Being a Cosmo columnist, I'd loved the magazine Cosmo for years. I was a big fan of the brand
and I do believe it is a brand and so to be, like, one of the faces of the magazine, as
it were, was a huge deal for me. And in magazine circles, to have, as a freelancer, to have
a column is brilliant, because it's regular income and all of that, but it's also you're
just allowed to talk as yourself and that's very rare and I love that and I totally don't
take it for granted. I think it was such a good opportunity and I'm hugely grateful for
it. Just to be able to ramble along as me was just amazing.
But, the second one is getting my book deal. I've written a series of self-help books,
lifestyle books, called 'This book will'. There's four - 'This book will make you happy,
calm, confident and sleep'. They're based on cognitive behavioural therapy and I've
written them with a clinical psychologist.
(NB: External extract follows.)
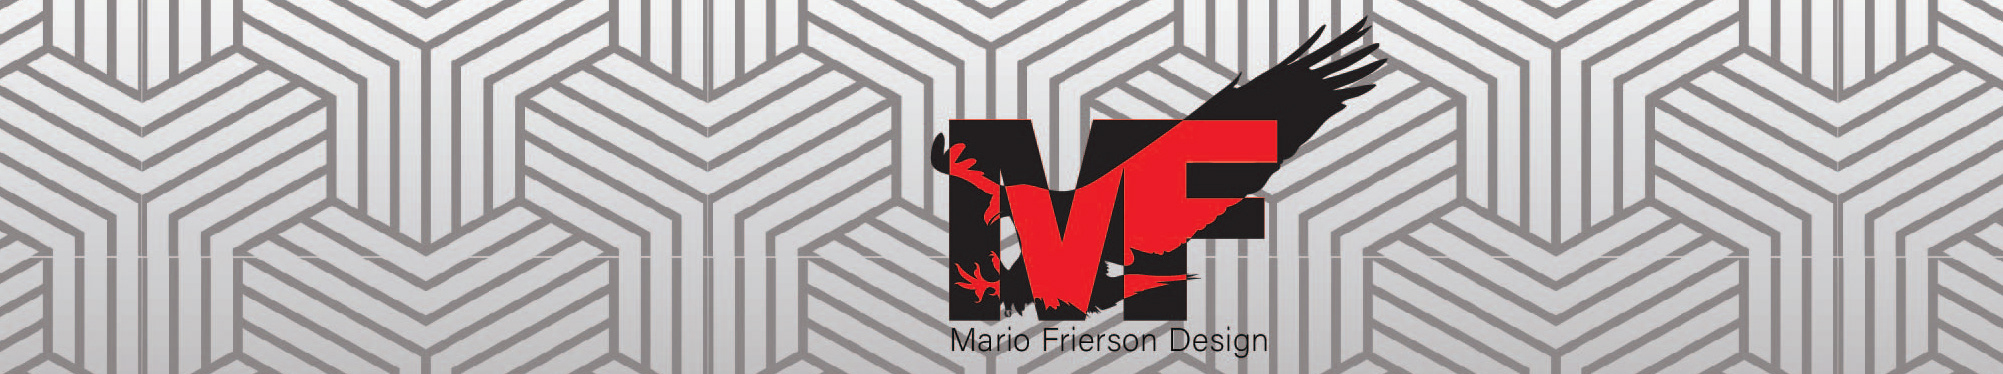 Profil-Banner von Mario Frierson

Our mission is just to make self-help accessible,
non-preachy, non-waffley, just actual practical advice that's hopefully quite funny.
It's through work experience that I've got my first two jobs and it's a great way of
meeting people. It's a brilliant way to stay in people's minds and you will do a hell of
a lot more stuff than you might do on a staff job as work experience because you're the
go-to person. So, yes, you might make bucketloads of tea and open post and you'll be like 'this
is ridiculous', but if you do it with a smile you'll get asked to do the exciting stuff.
Handing in my dissertation and it was about the influence of fairytales on Roald Dahl.
No-one else had done and my tutor at the time was so brilliant and he was really into it
and handing that in, on time - a miracle, and thinking 'yeah, I'm pleased with that'.
That's probably my proudest moment because it was actually work-related. As much fun
as I had, but it was a piece of work that I was like 'this is awesome, this is why I
came to uni to do this, I've chosen my own idea and I love it'.